Eshelman refused to accept what months of polling and the actual, comprehensive vote count revealed: Joe Biden had defeated the one-term loser. Instead, he embraced delusional conspiracy theories like a less foxy Fox Mulder.


"I thought about the range of possibilities around vote fraud," Eshelman said in an interview with The Washington Post. "There was already noise around cities like Detroit, Milwaukee, Atlanta and Philadelphia."

He added: "I wanted to determine if this was legit. Can we find a real smoking gun?"

The existence of Black people isn't much of a smoking gun. We've been here 400 years. The gun has cooled off by now. And the “noise" around cities where we live is probably just a funky jam from our boom boxes.

The day after the election, Eshelman reached out to a Texas rightwing nonprofit, True the Vote, and after a 20 minute conversation with the group's president, he was sold on their mission to expose voter fraud. We should note that Eshelman is a financier from North Carolina, which Biden lost so ipso facto there was no voter fraud, but he was eager to give away the farm to find ALL THE FRAUD in states Biden won.

"I'm in for 2," he told the president of True the Vote, according to court documents and interviews with Eshelman and others.

"$200,000?" one of his advisers on the call asked.

"$2 million," Eshelman responded.

Maybe Eshelman's adviser was new, but you think they'd have the shorthand down: “I'm in for 2" means he's parting with $2 million not $200,000. Business meetings will go on forever if Eshelman has to keep explaining what “2" is.

Eshelman soon regretted his donation and started to doubt the many Kraken conspiracy theories. Now the rich dummy wants a refund, preferably in non-negotiable magic beans.

The story behind the Eshelman donation — detailed in previously unreported court filings and exclusive interviews with those involved — provides new insights into the frenetic days after the election, when baseless claims led donors to give hundreds of millions of dollars to reverse President Biden's victory.

Let's kick the ballistics here: Conservatives forked over “hundreds of millions of dollars" to fund an attempted coup that would later end in a violent insurrection against the US government. Sure, most of these people are white, but so was the starting lineup of the Confederacy.

The twice-impeached thug and the Republican Party collected $255 million in two months. The sedition caucus in Congress fundraised off the Big Lie, as did MAGA-aligned lawyers and even some of their “witnesses." Everybody had their hands out. Everything was for the taking, including our putative democracy.

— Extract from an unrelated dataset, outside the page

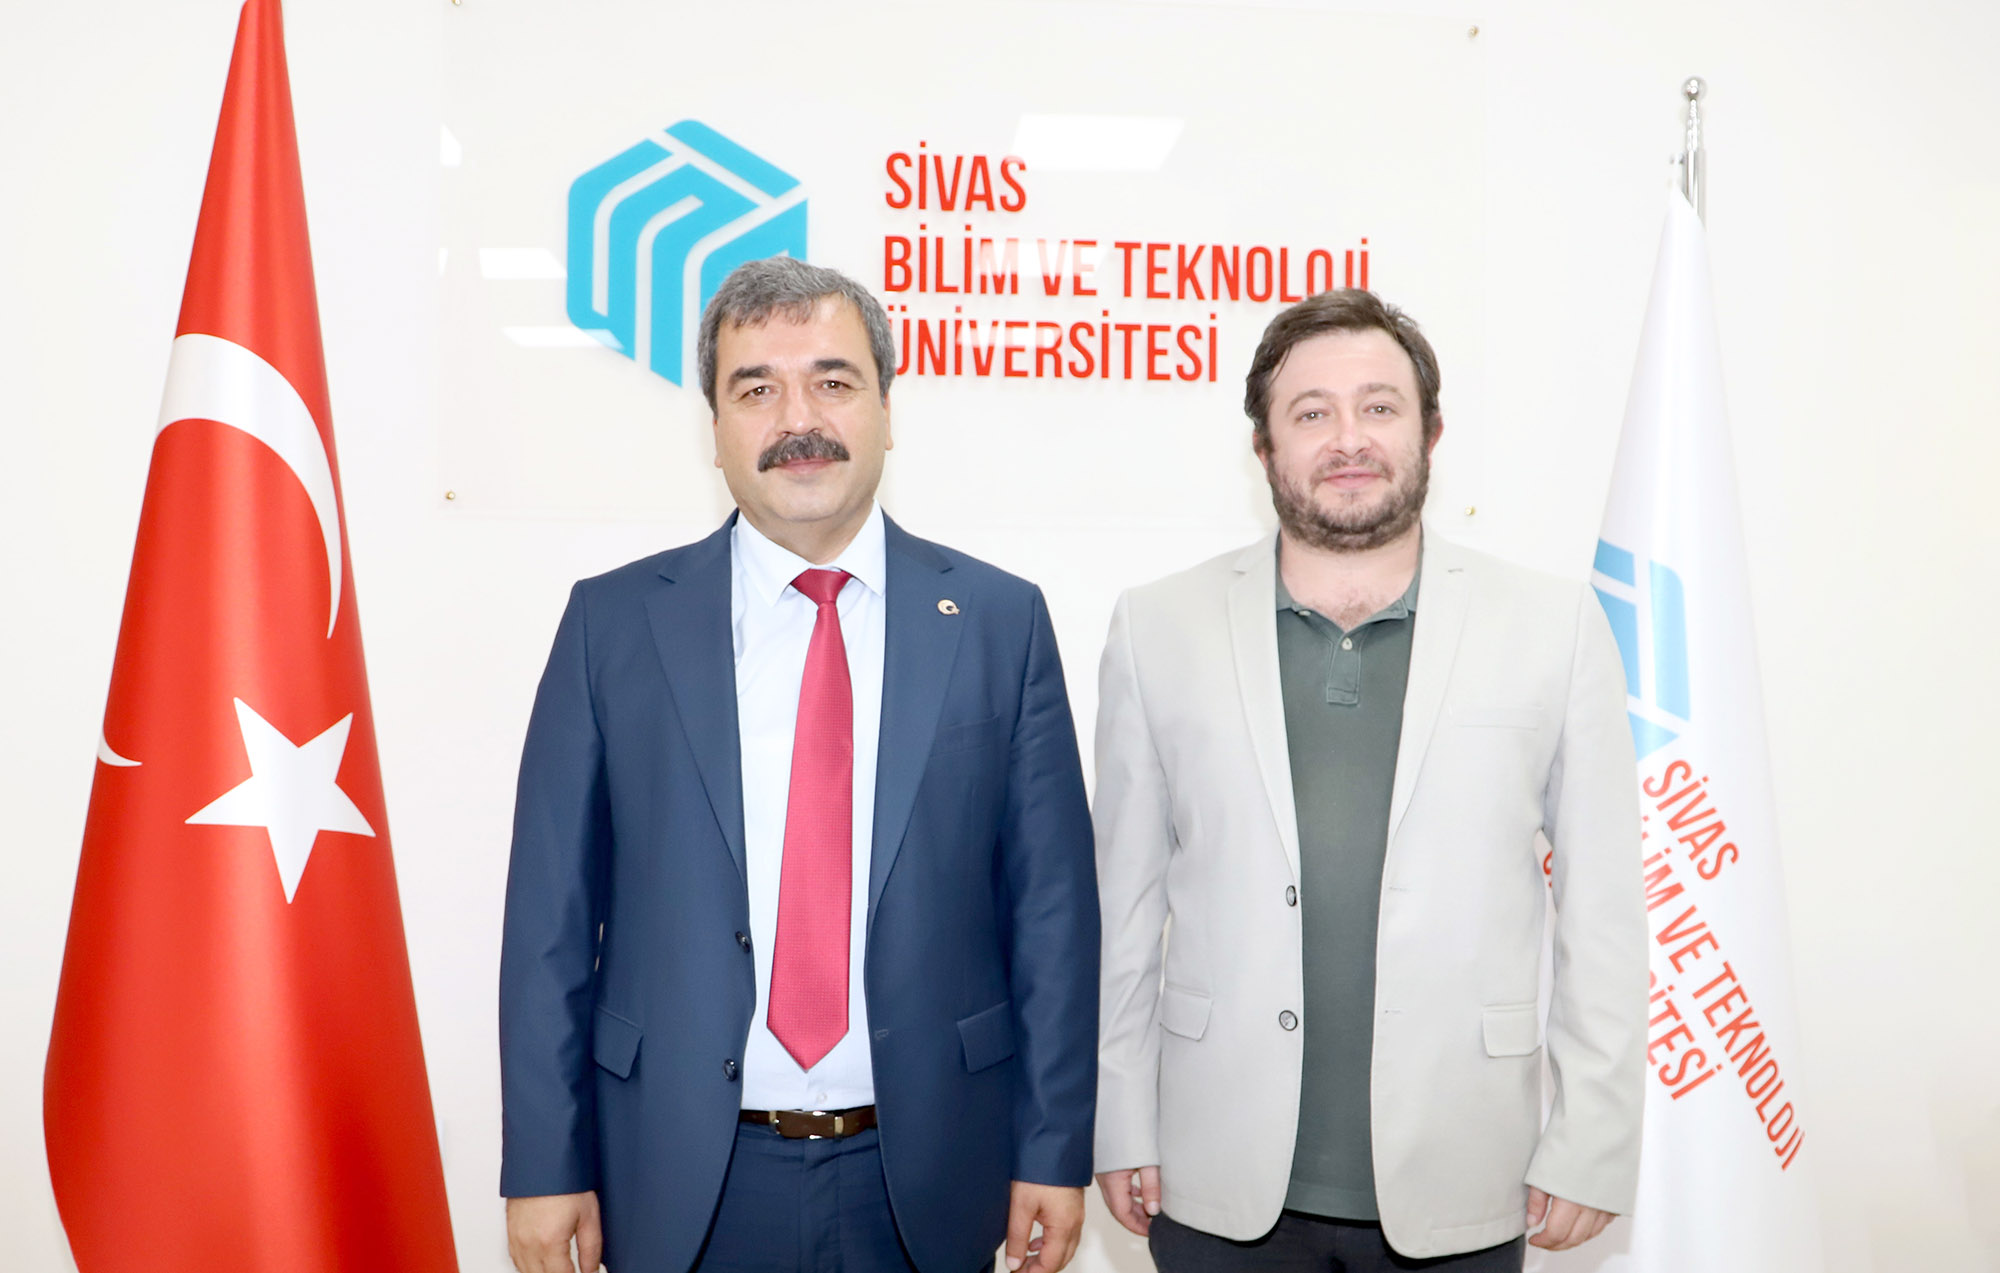 Sivas Bilim ve Teknoloji Üniversitesi (SBTÜ) Bünyesinde Hazırlanan Bilimsel Araştırma Projesine TÜBİTAK Desteği

“Election integrity" was always the soothing balm in the Big Lie. When Eshelman woke up on November 4, he was terrified that his guy was losing, and it only took him 20 minutes to sign up for a coup. We focus too much on the obvious scam, when this was both a grift and a coup, possibly even a dessert topping. The one-term loser and his Republican cronies would've happily kept him in office if they could've pulled it off. Next time, they might.

Eshelman's lawsuit against True the Vote alleges that the nonprofit didn't spend his $2 million gift and later $500,000 donation on legitimate coup-related activities. Eshelman claims that True the Vote squandered his insurrection dollars on administration costs like a respectable corrupt nonprofit that doesn't try to undermine democracy. True the Vote's president, Catherine Engelbrecht, insists that Eshelman's money was spent properly.

Asked about the shifting focus from allegation to allegation, Engelbrecht said, "A good thorough investigation takes the course it takes, and we were not going to expose whistleblowers to make a quick headline." She said that the group's investigation "is ongoing even now."

True the Vote's lawyer, James Bopp, added that Eshelman never attached any conditions to his donation, and he can't demand a refund just because he doesn't like the outcome. This was an attempted coup not a kitchen remodel.

I don't know if Bopp said, “You lose! Good day, sir," but I imagine he was thinking it.

[Washington Post]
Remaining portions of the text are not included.